DATA SHOWN –
--- START ---
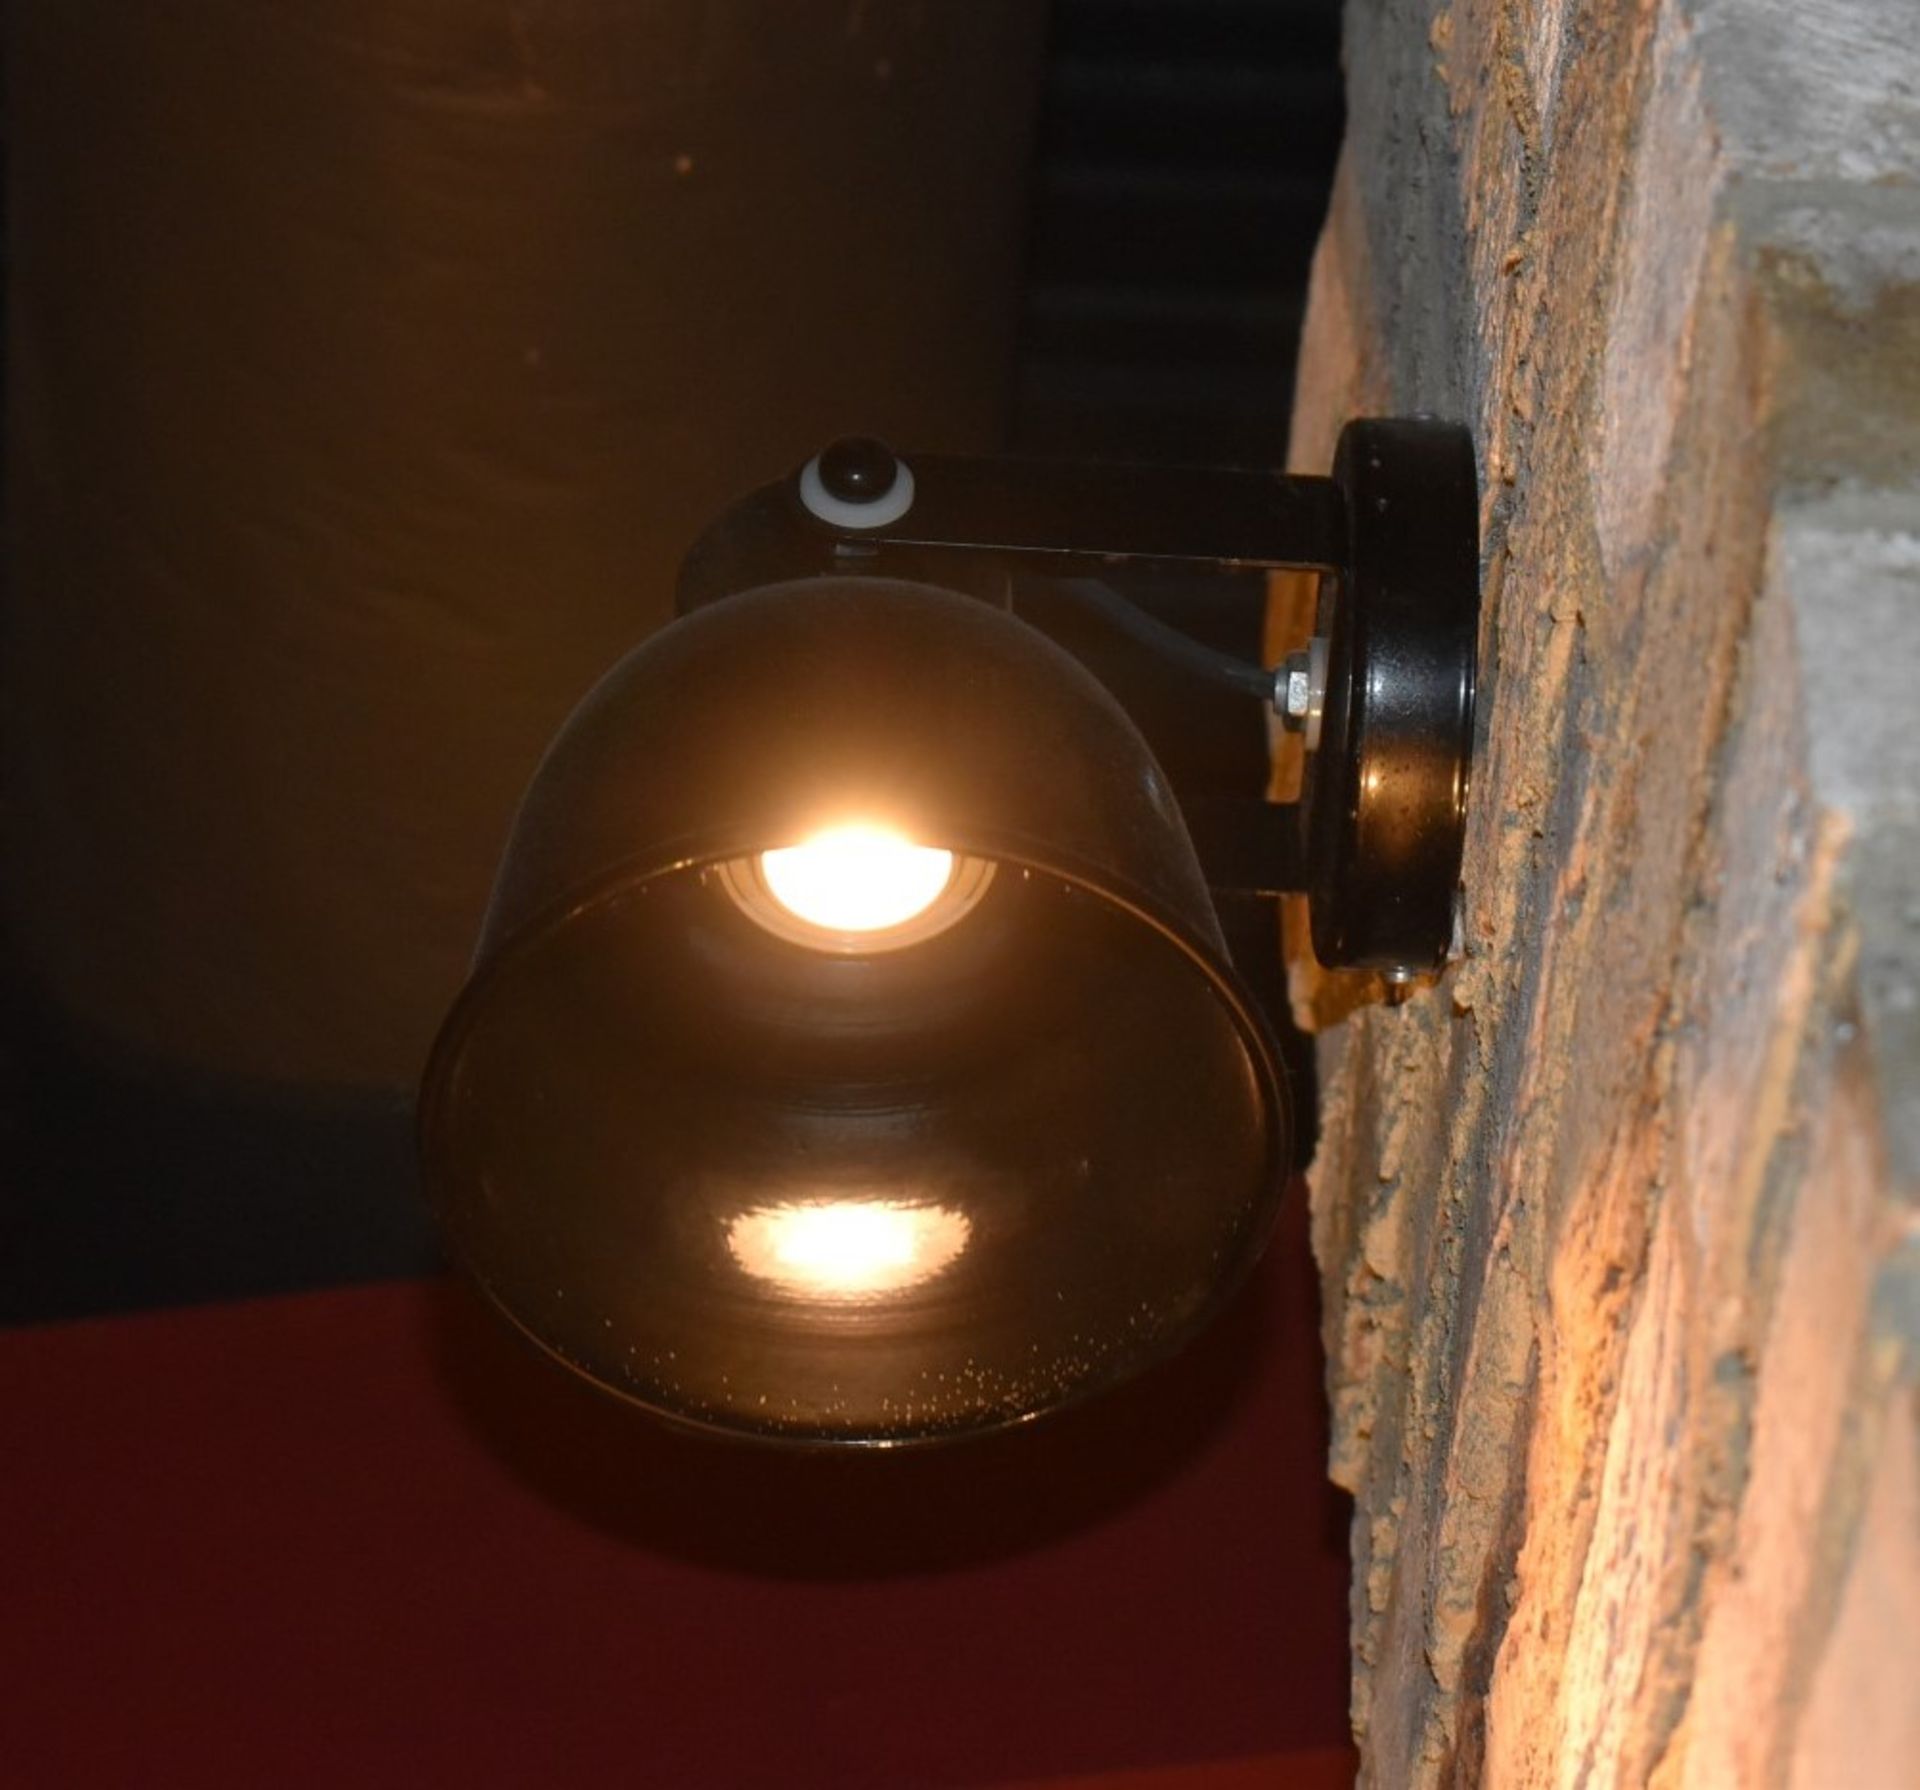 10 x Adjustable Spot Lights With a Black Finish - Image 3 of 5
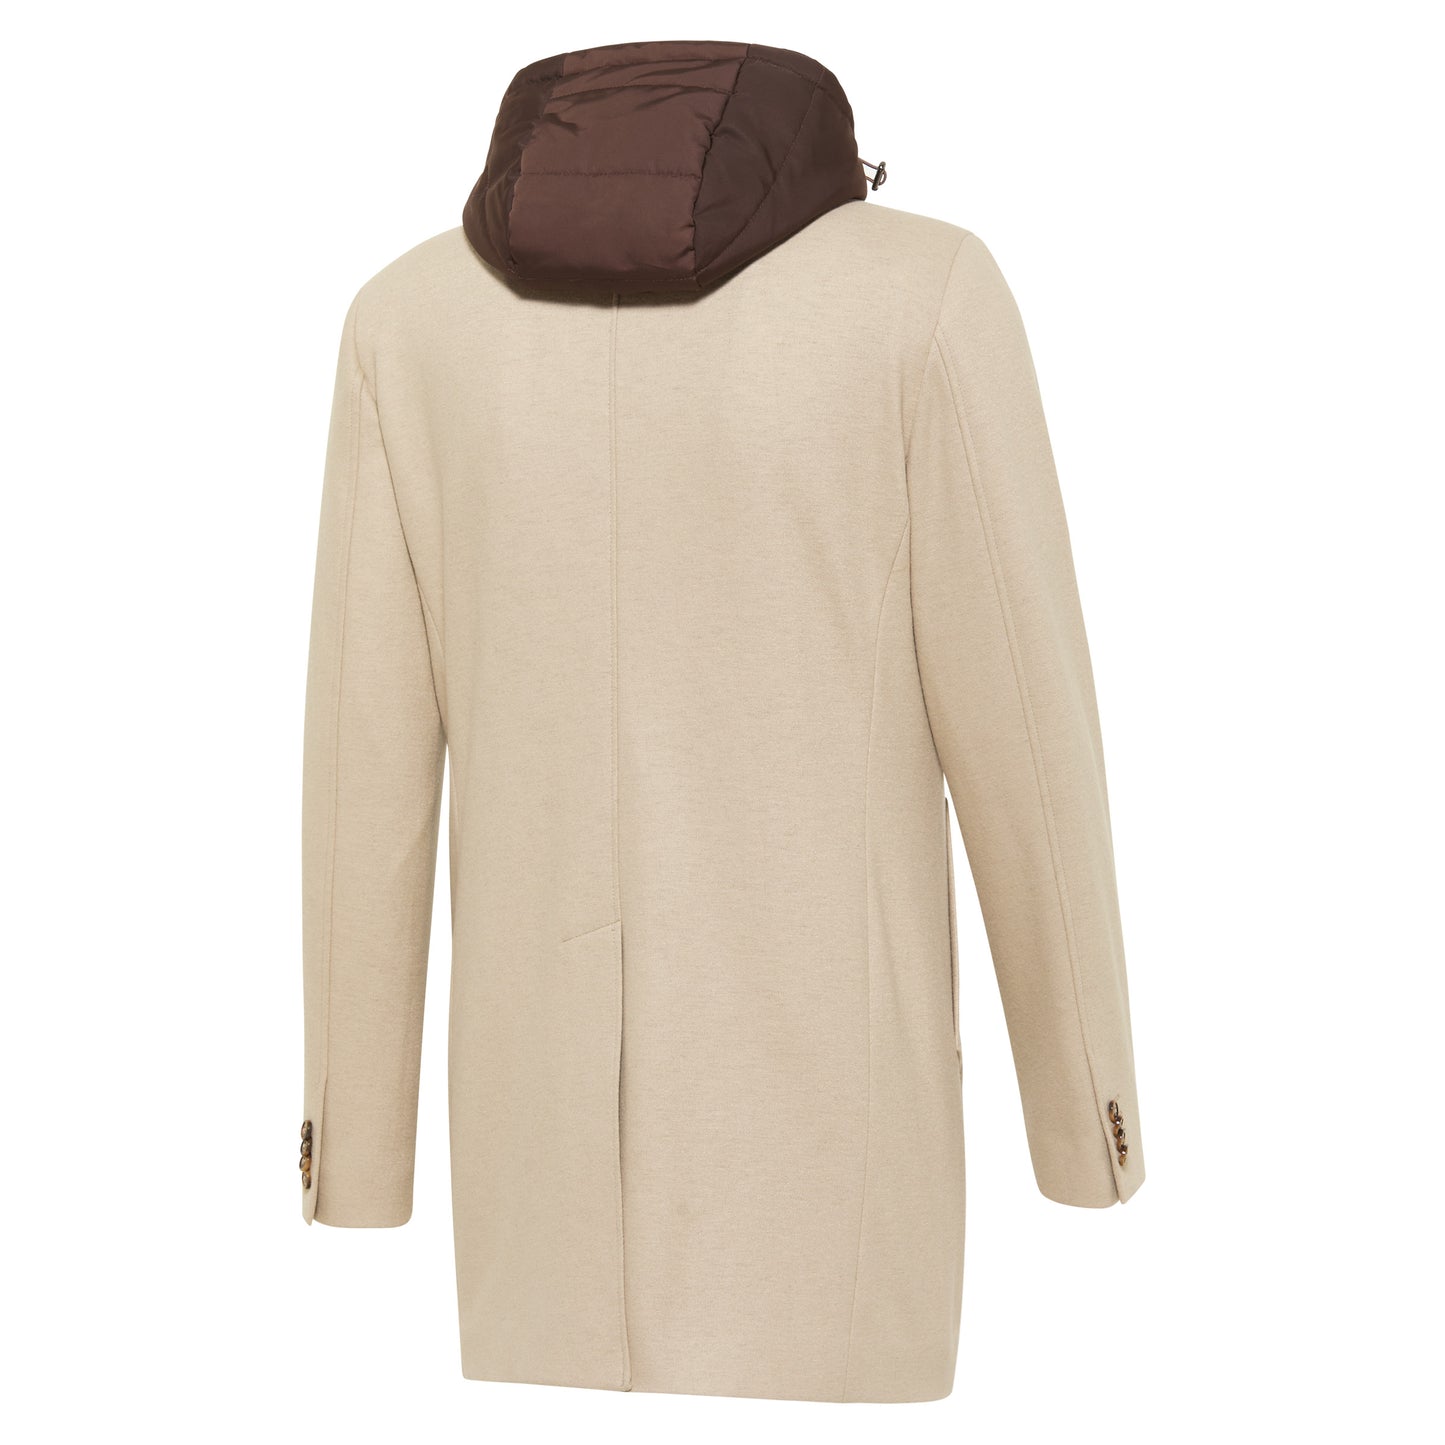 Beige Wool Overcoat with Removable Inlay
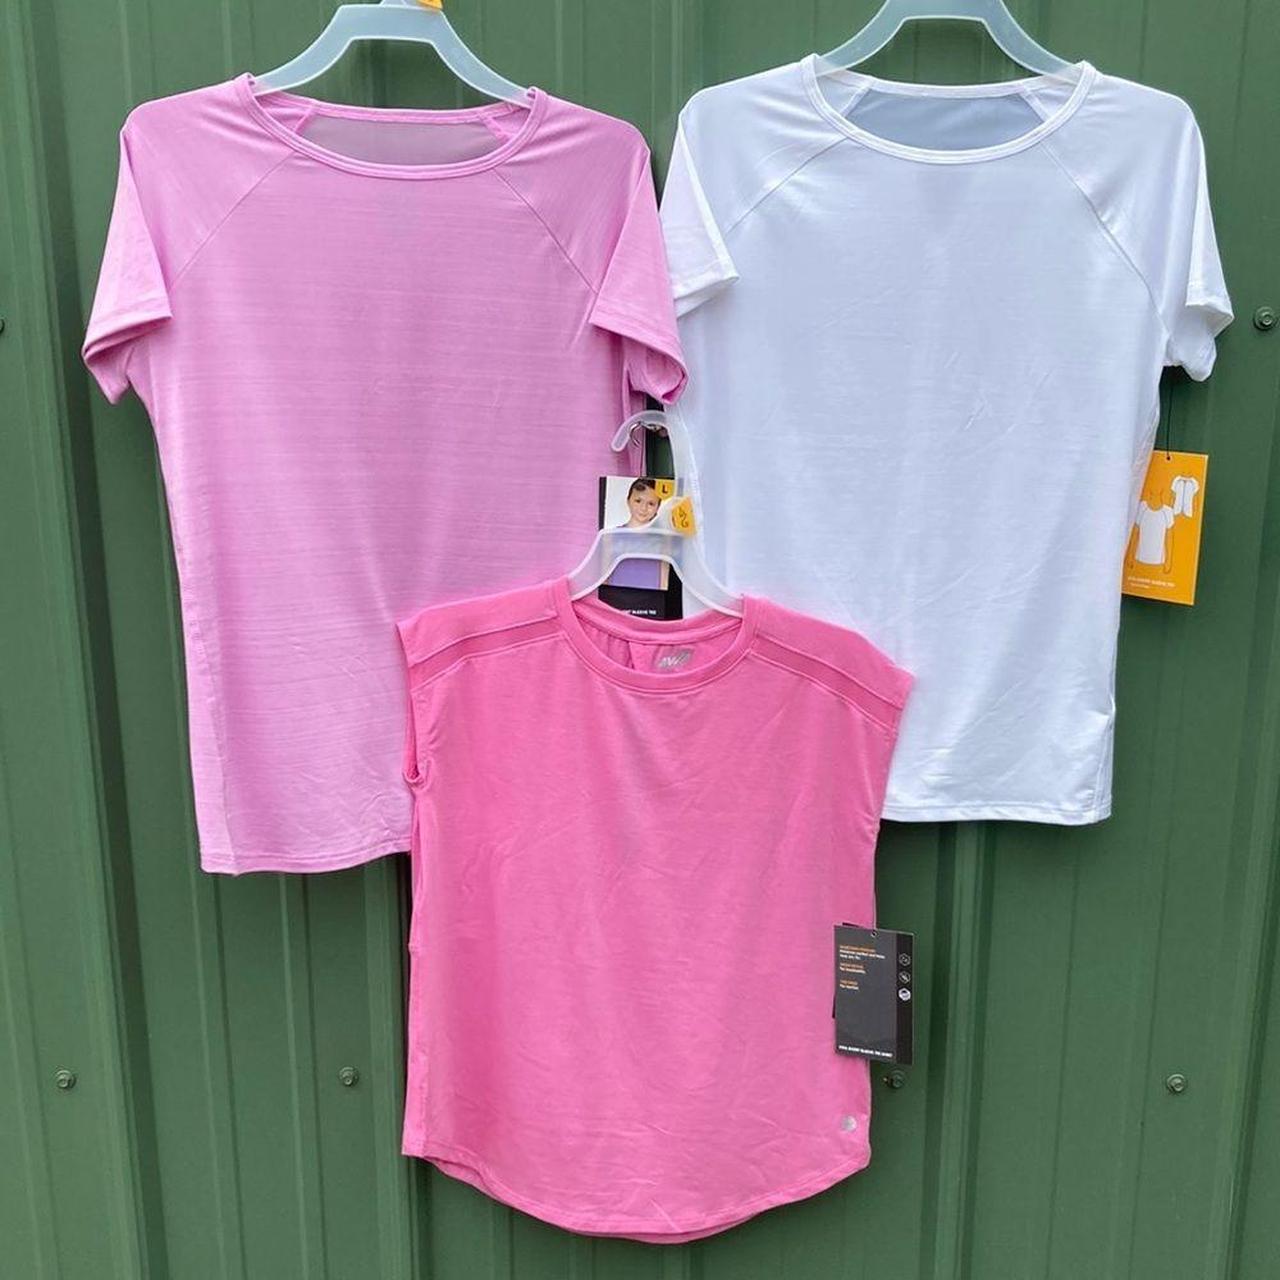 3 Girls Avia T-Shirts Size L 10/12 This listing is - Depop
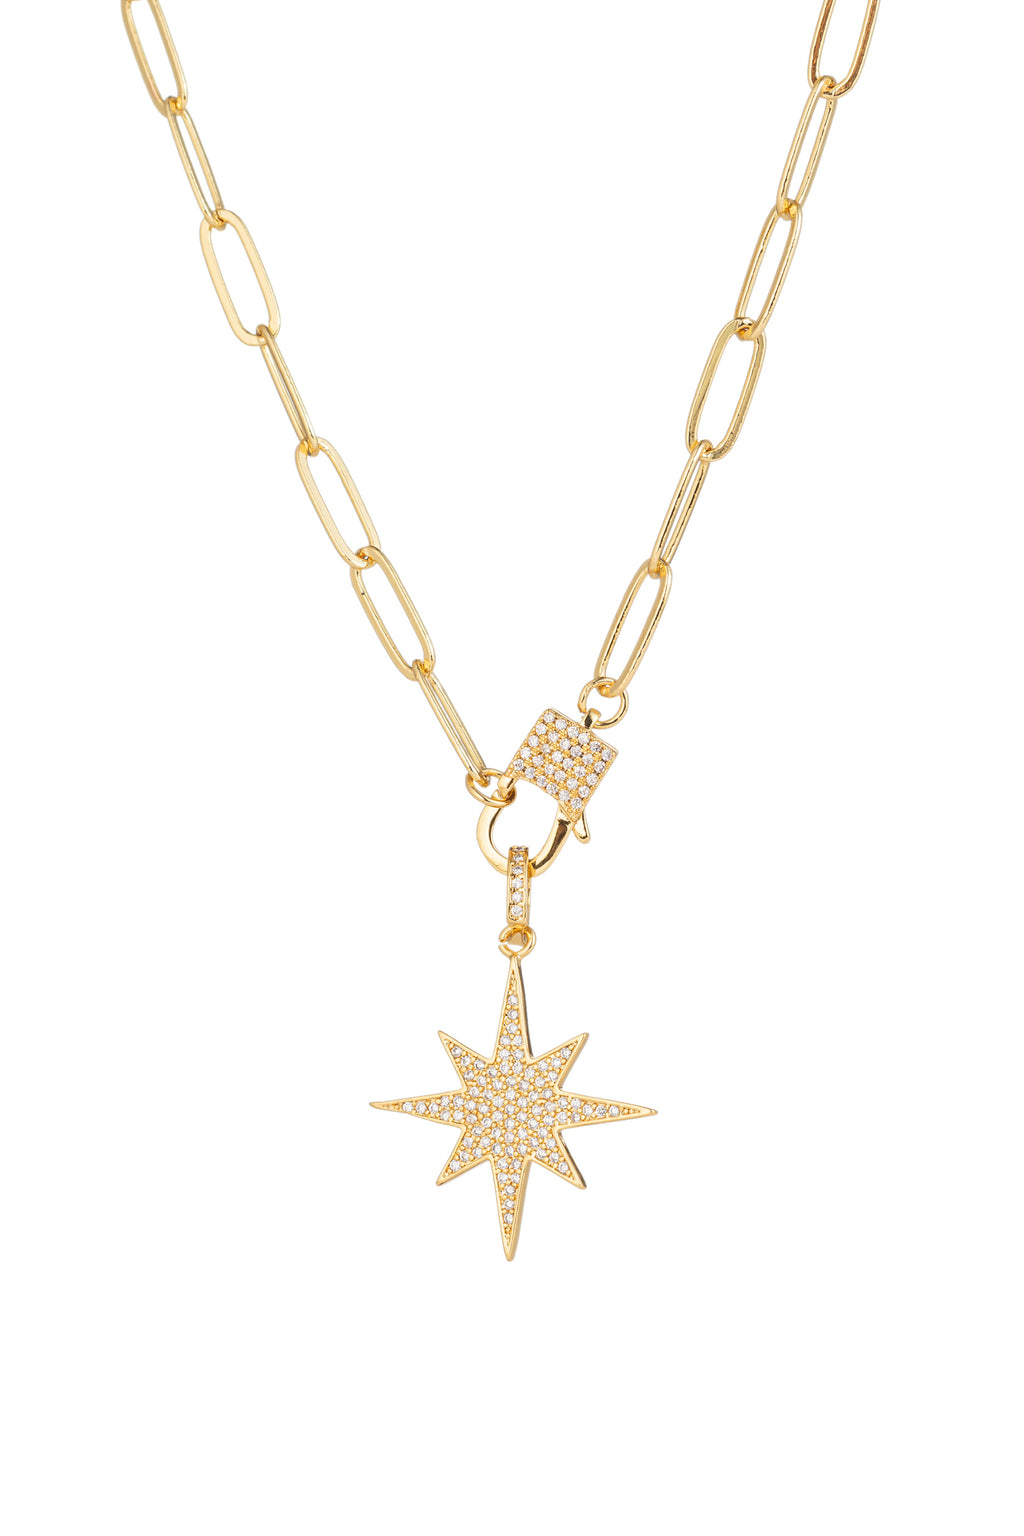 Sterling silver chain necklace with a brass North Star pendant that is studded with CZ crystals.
--- END ---
Would you write out exactly the lines of the data from the one holding "Beige Wool Overcoat with Removable Inlay" to the final line, both included, with pictures left out?

THE ANSWER –
 Beige Wool Overcoat with Removable Inlay
 3 Girls Avia T-Shirts Size L 10/12 This listing is - Depop
 Sterling silver chain necklace with a brass North Star pendant that is studded with CZ crystals.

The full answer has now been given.